We’ll likely see plenty more predictive-focused products and services soon. Google Now has been a big success on Android; there are a slew of “smart” calendar apps out there trying to make sense of your schedule; and a recent Forrester report pointed out that predictive apps are “the next big thing.”
Before launching MindMeld, Tuttle tells me his company saw a massive interest in its platform from big companies. While he couldn’t go into many specifics, it’s worth noting that MindMeld’s investors include Samsung and Intel.
The downsides of a predictive future
While the rise of smarter predictive apps sounds practically utopian, there’s plenty to worry about as well. After all, do we really want to give up significant amounts of our decision-making to algorithms?
MoveOn.org founder Eli Pariser describes the dangers of our over-reliance on algorithms in his book The Filter Bubble. Companies like Google and Facebook are getting increasingly better about showing us things they think we like, but Pariser tells Brain Pickings, “It’s also a real problem: The set of things we’re likely to click on (sex, gossip, things that are highly personally relevant) isn’t the same as the set of things we need to know.”
We’re not going to stop companies from trying to predict what consumers want — but hopefully we can come up with ways to predict more intelligently. And most importantly, we need to do so without losing essential elements of our humanity.
“Thanks to smartphones or Google Glass, we can now be pinged whenever we are about to do something stupid, unhealthy, or unsound,” technology critic Evgeny Morozov wrote in Technology Review. “We wouldn’t necessarily need to know why the action would be wrong: The system’s algorithms do the moral calculus on their own. Citizens take on the role of information machines that feed the techno-bureaucratic complex with our data. And why wouldn’t we, if we are promised slimmer waistlines, cleaner air, or longer (and safer) lives in return?”
A more concrete worry is the data we’re giving up to companies for predictive services. Imagine, for example, a service like MindMeld that doesn’t just listen in when you’re Skyping but listens to you all day — to every conversation you have online and off — to anticipate your every need.
We’re not there yet — it would require huge leaps in battery technology, for one. And given the amount of criticism new technologies like Google Glass have received, we’ll probably have some serious discussions about how an “always listening” app could work while maintaining your privacy as well as the privacy of those you talk to.

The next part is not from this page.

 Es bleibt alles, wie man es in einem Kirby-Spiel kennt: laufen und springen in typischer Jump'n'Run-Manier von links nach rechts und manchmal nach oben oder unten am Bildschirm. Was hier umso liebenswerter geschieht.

Today, we’re concerned about how companies are using our location data and communications metadata. In the future, we’ll have to watch out for how companies use practically everything we say and do.

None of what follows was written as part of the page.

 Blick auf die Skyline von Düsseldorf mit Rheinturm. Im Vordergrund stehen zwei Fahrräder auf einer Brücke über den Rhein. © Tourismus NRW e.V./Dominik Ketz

Joaquin Phoenix in the AI love story “Her.” Annapurna Pictures.
It all leads to Her — and true A.I.
Ultimately, true anticipatory computing will likely lead to fully artificially intelligent apps and services. The world of Spike Jonze’s Her, with its A.I.-driven operating systems, isn’t too far off.
But just as you trust a real-life personal assistant with countless personal details, all of that information will be held by the companies offering these A.I. services. Google has slowly edged its way into our lives, starting with search, then Gmail, and now Android — so it wouldn’t be hard to imagine a Google-powered A.I. as your future virtual assistant.

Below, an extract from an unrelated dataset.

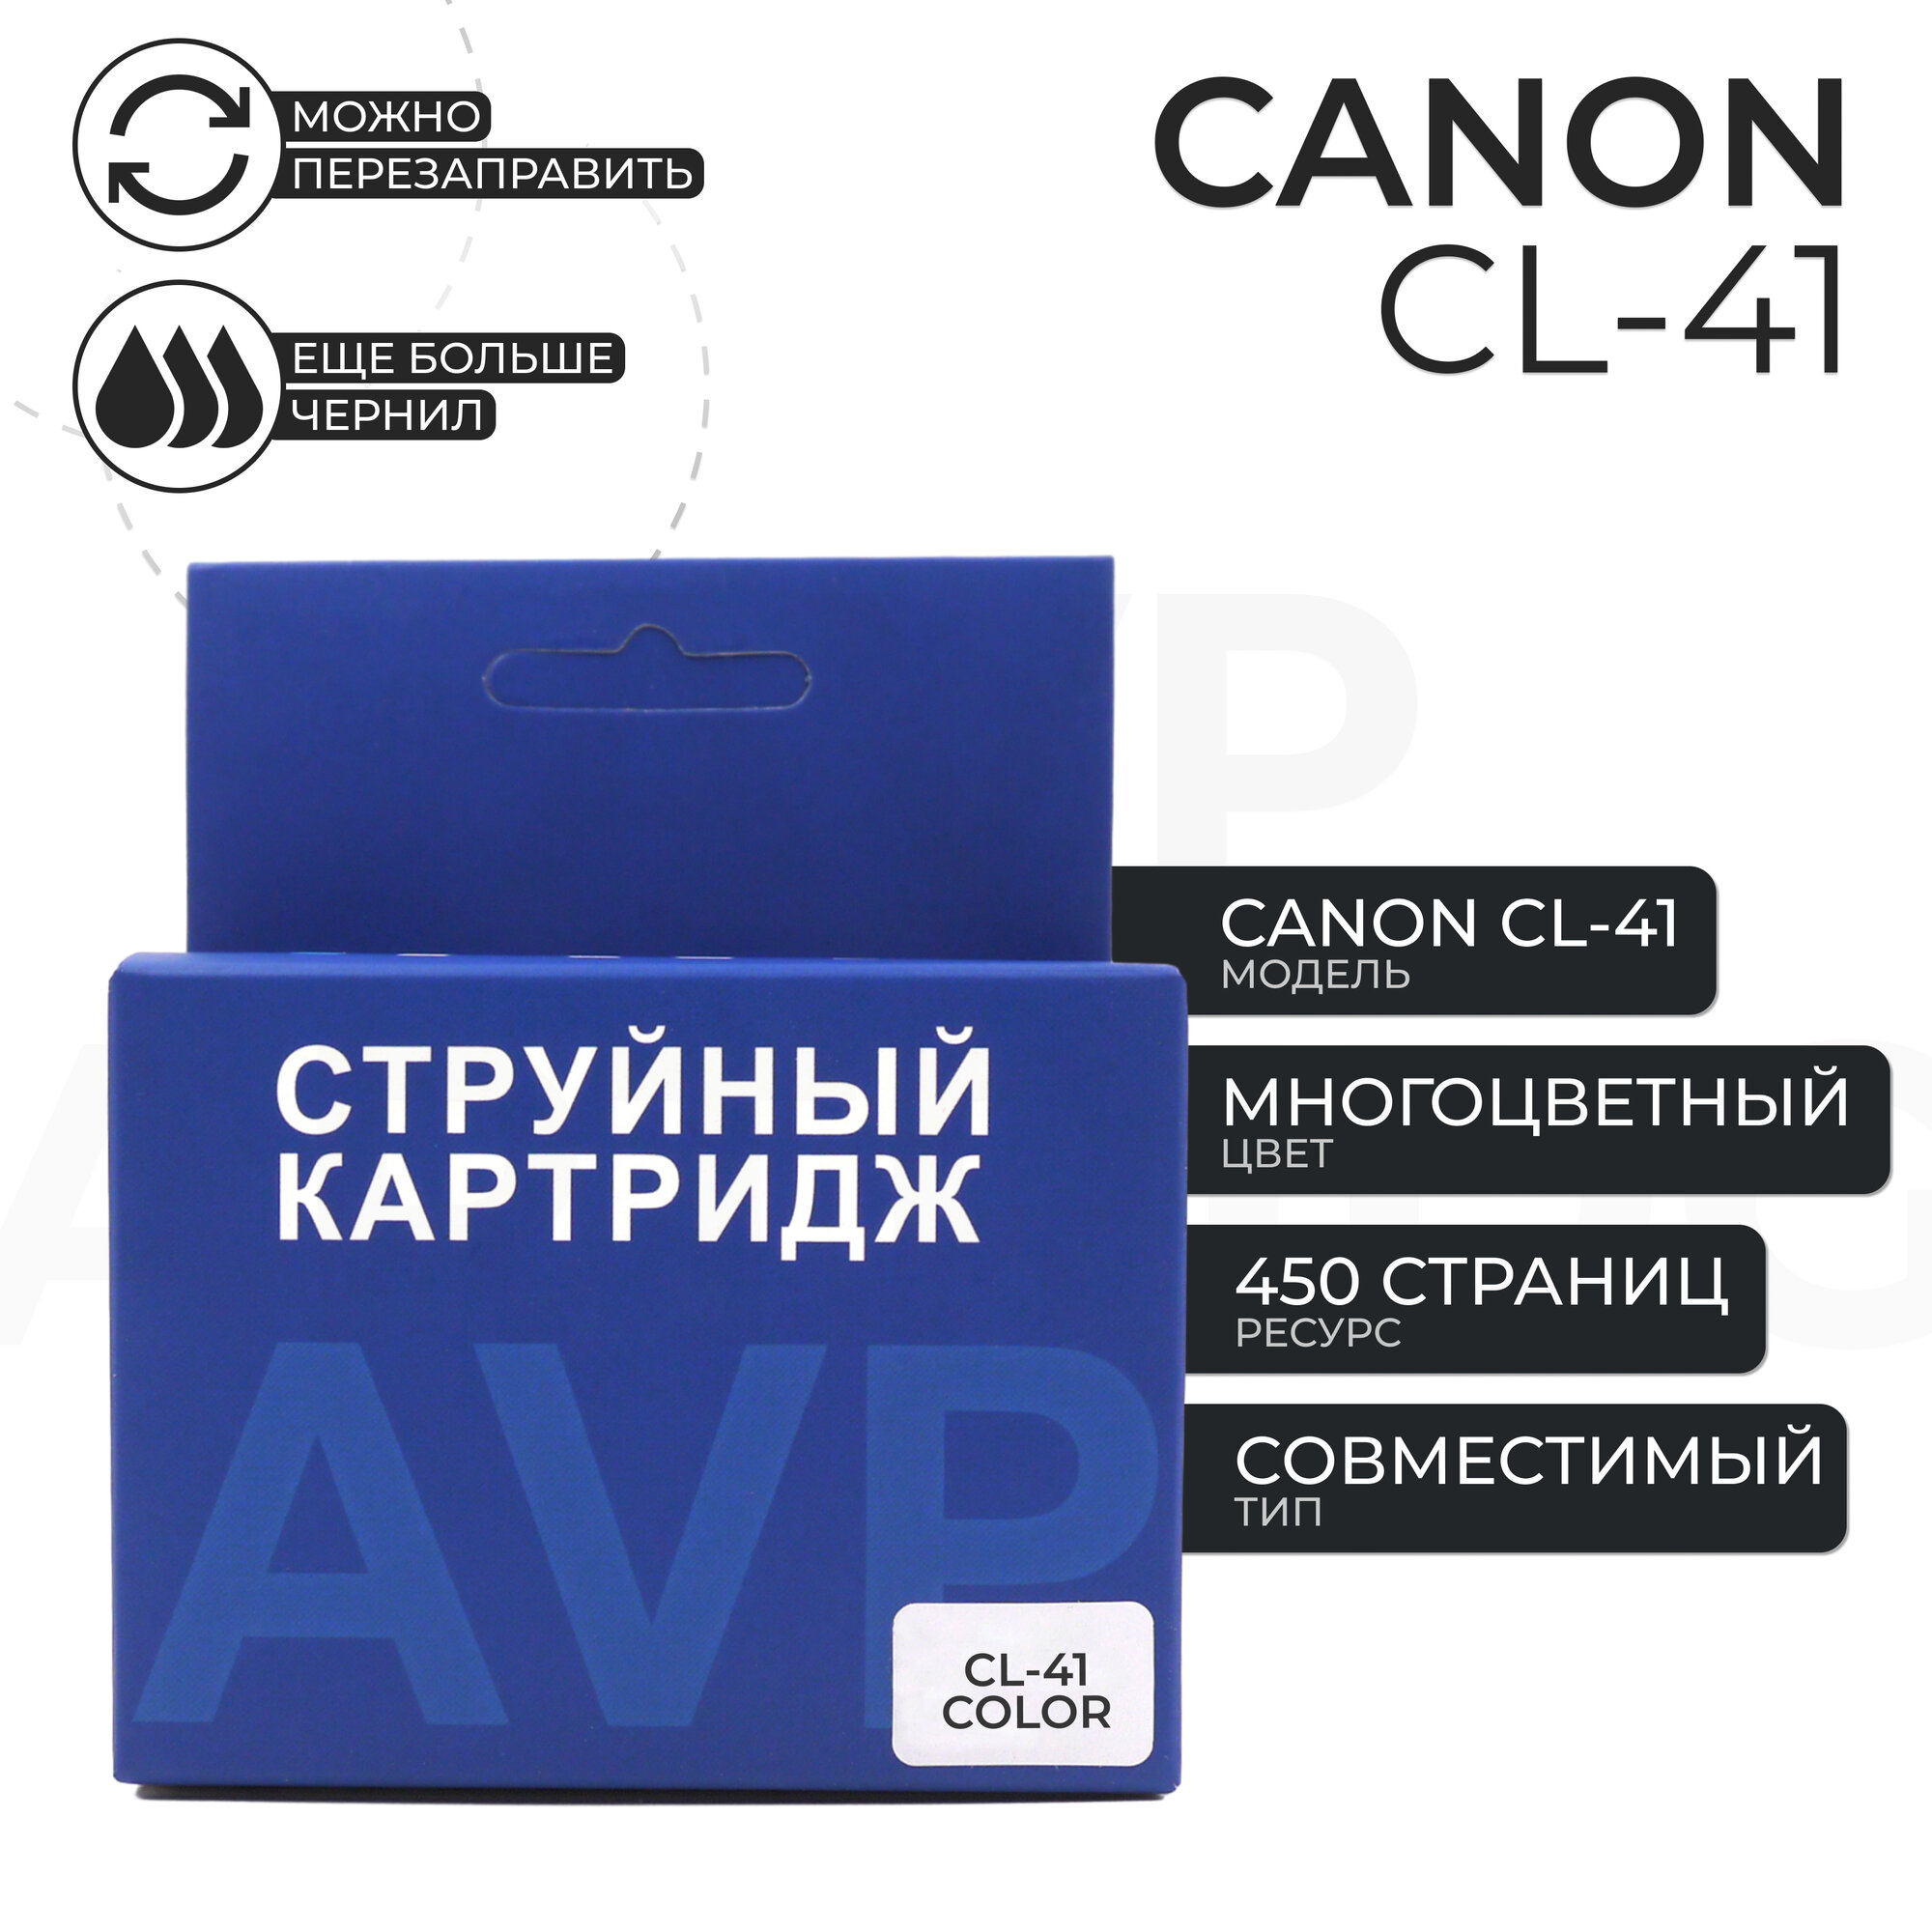 Картридж AVP CL-41 для принтера Canon, цветной

Imagine never having to sort through your inbox again, having an immaculate record of your finances always available, and getting perfectly curated playlists for a party based on the preferences of who’s attending. The benefits of an A.I. assistant will be hard to resist.
But at this point, it’s clear we still have a lot to learn as a society before we can even consider the place of A.I. and advanced predictive services in our lives.